● **What needs to be done**
Retype, please, the listing from its opening line through the line that contains "Экологичный пакетик с", both included, without the pictures.

● **Supplied information**
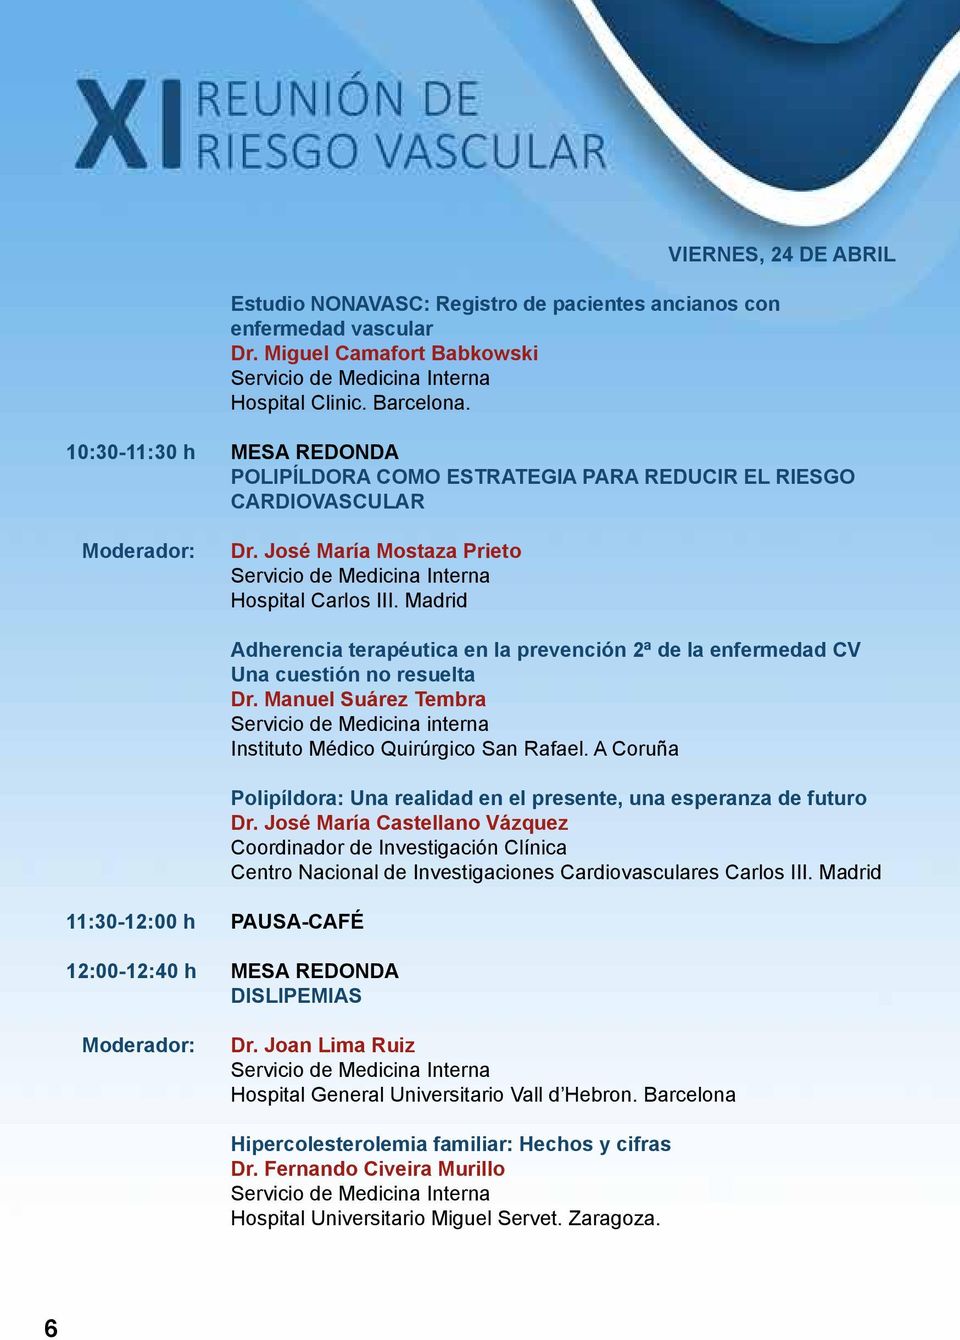 Madrid 11:30-12:00 h PAUSA-CAFÉ Adherencia terapéutica en la prevención 2ª de la enfermedad CV Una cuestión no resuelta Dr.
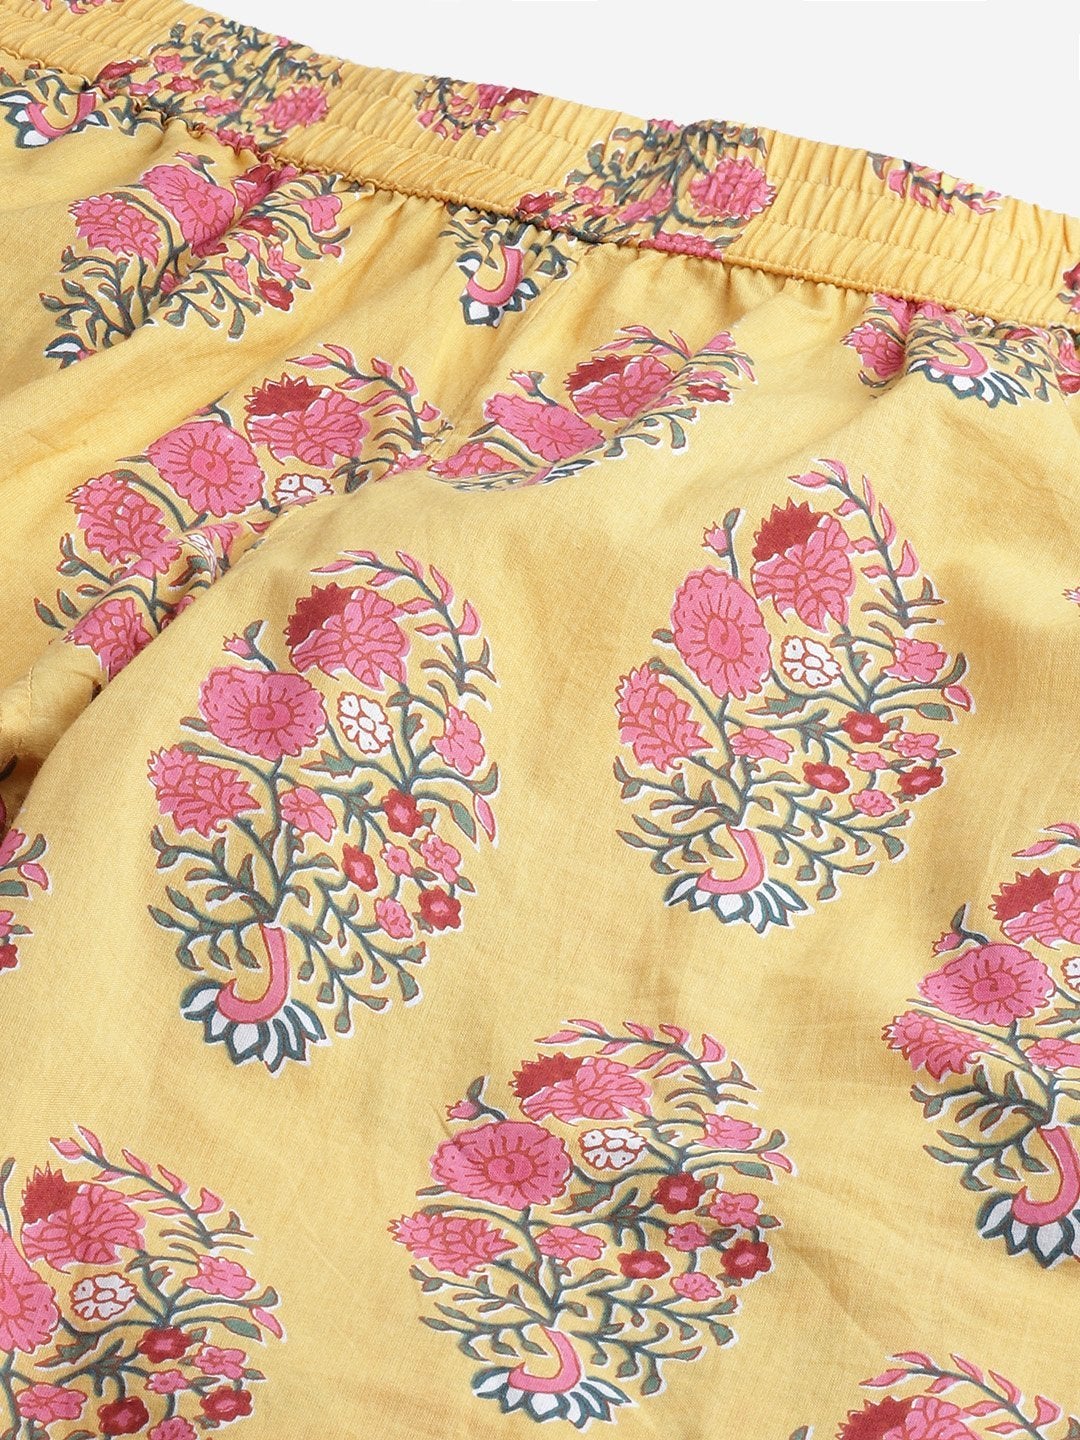 Women's The Dressify Yellow Flower Cotton Motif Nightwear - Divena
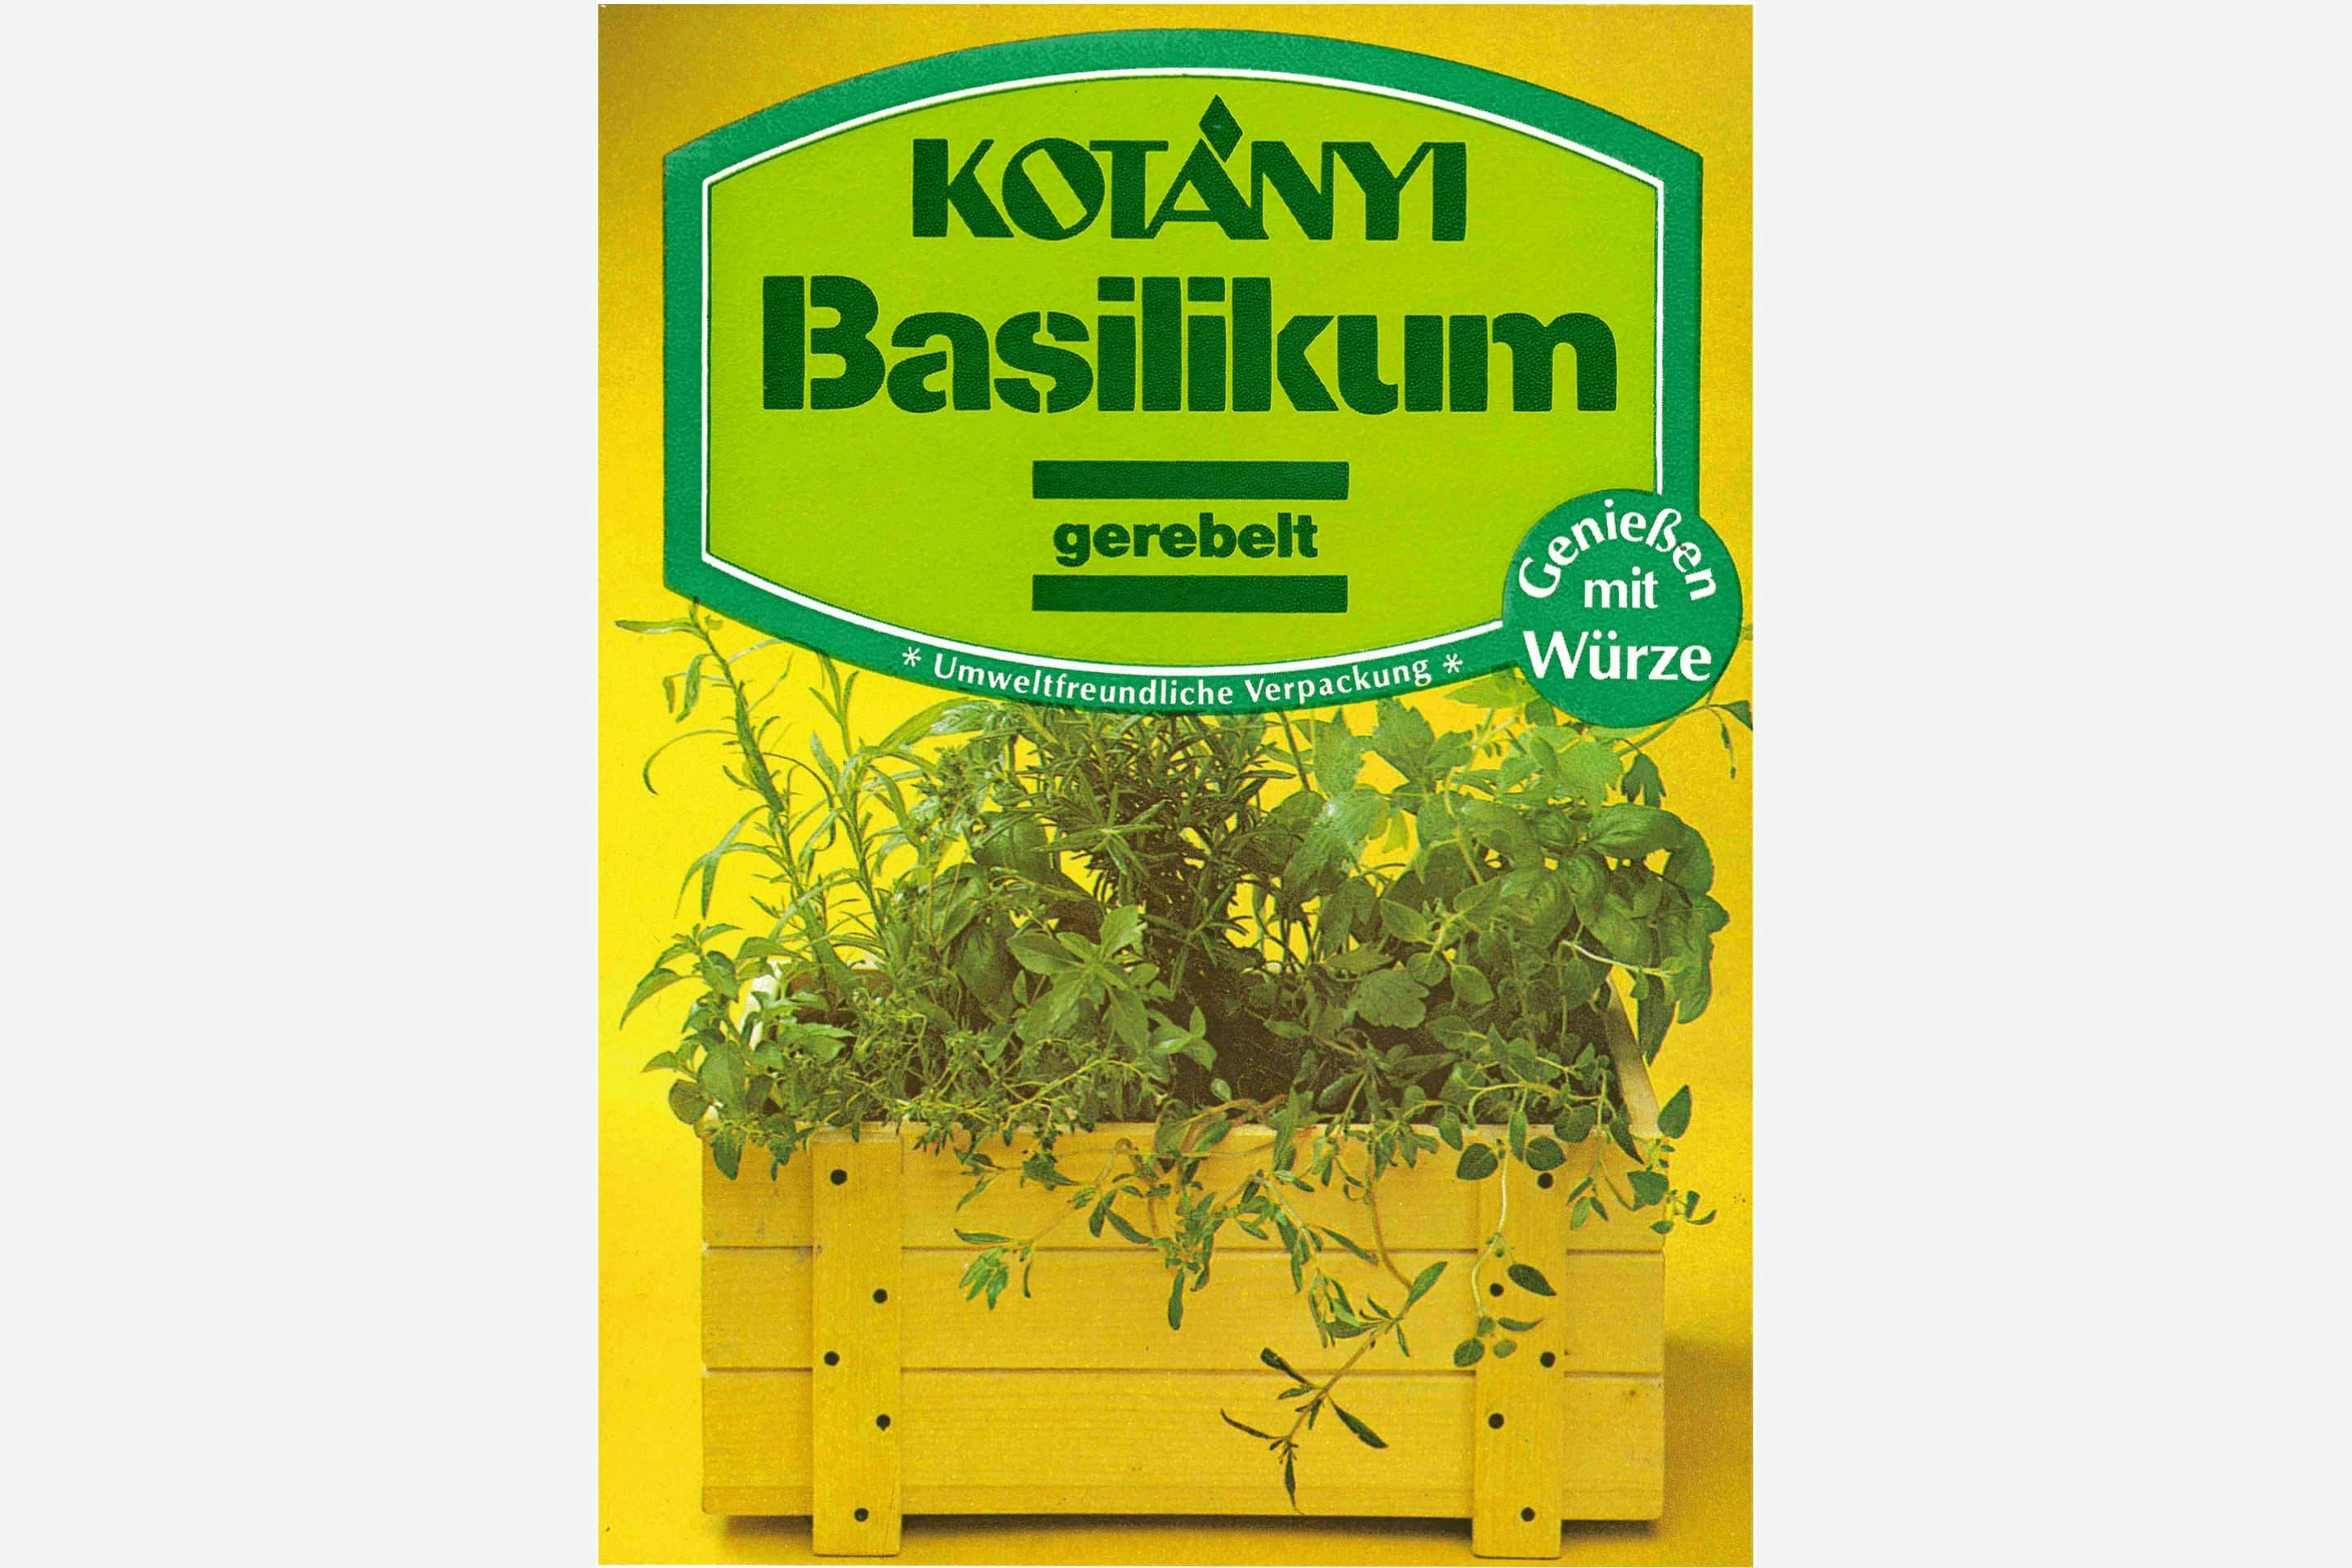 Экологичный пакетик с базиликом Kotányi, 1980-е годы.
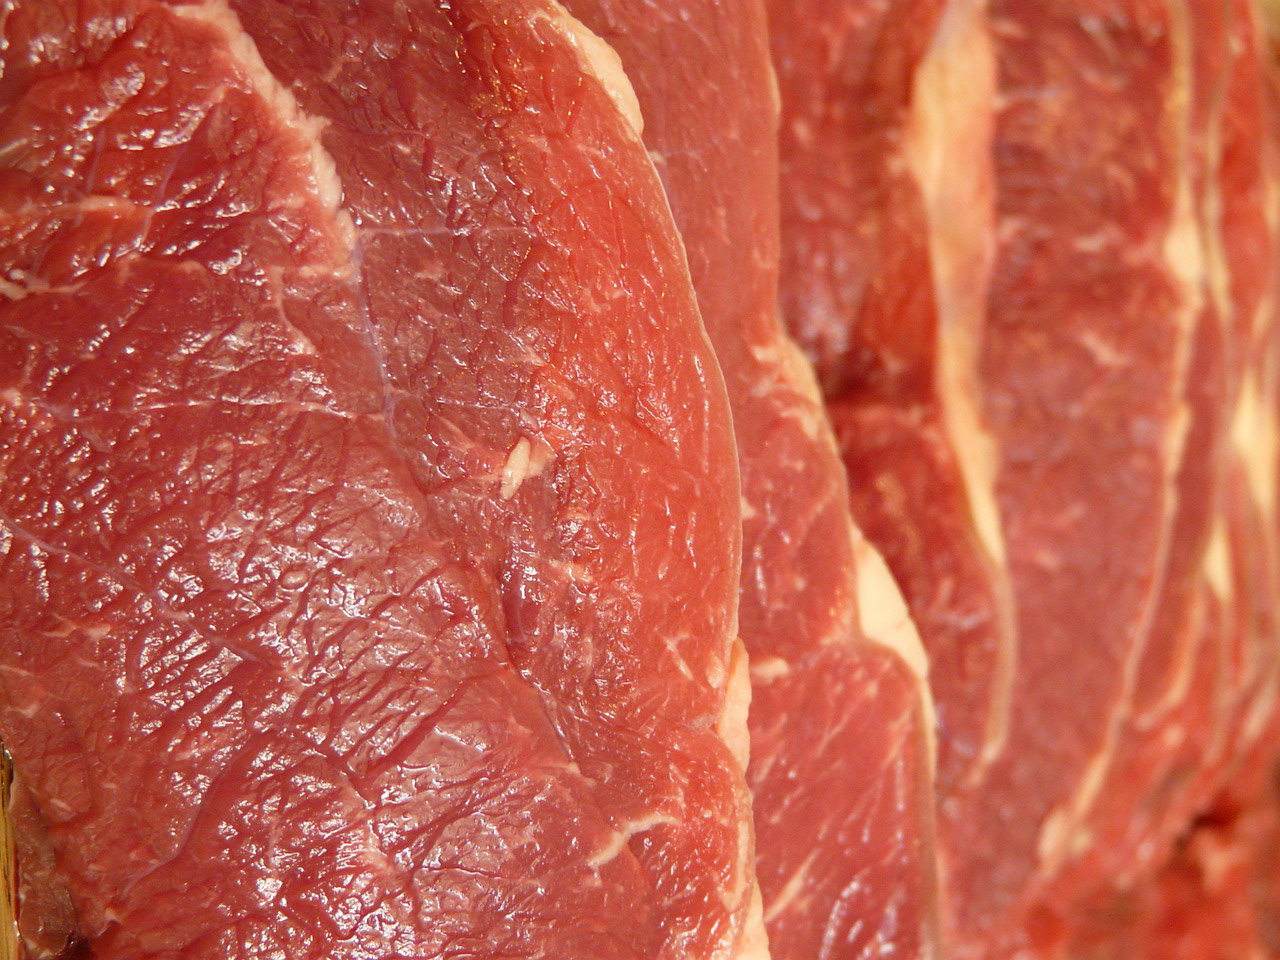 Europa aprueba las ayudas al almacenamiento privado de la carne de cerdo

● **Solution to this problem**
 Madrid 11:30-12:00 h PAUSA-CAFÉ Adherencia terapéutica en la prevención 2ª de la enfermedad CV Una cuestión no resuelta Dr.
 Women's The Dressify Yellow Flower Cotton Motif Nightwear - Divena
 Экологичный пакетик с базиликом Kotányi, 1980-е годы.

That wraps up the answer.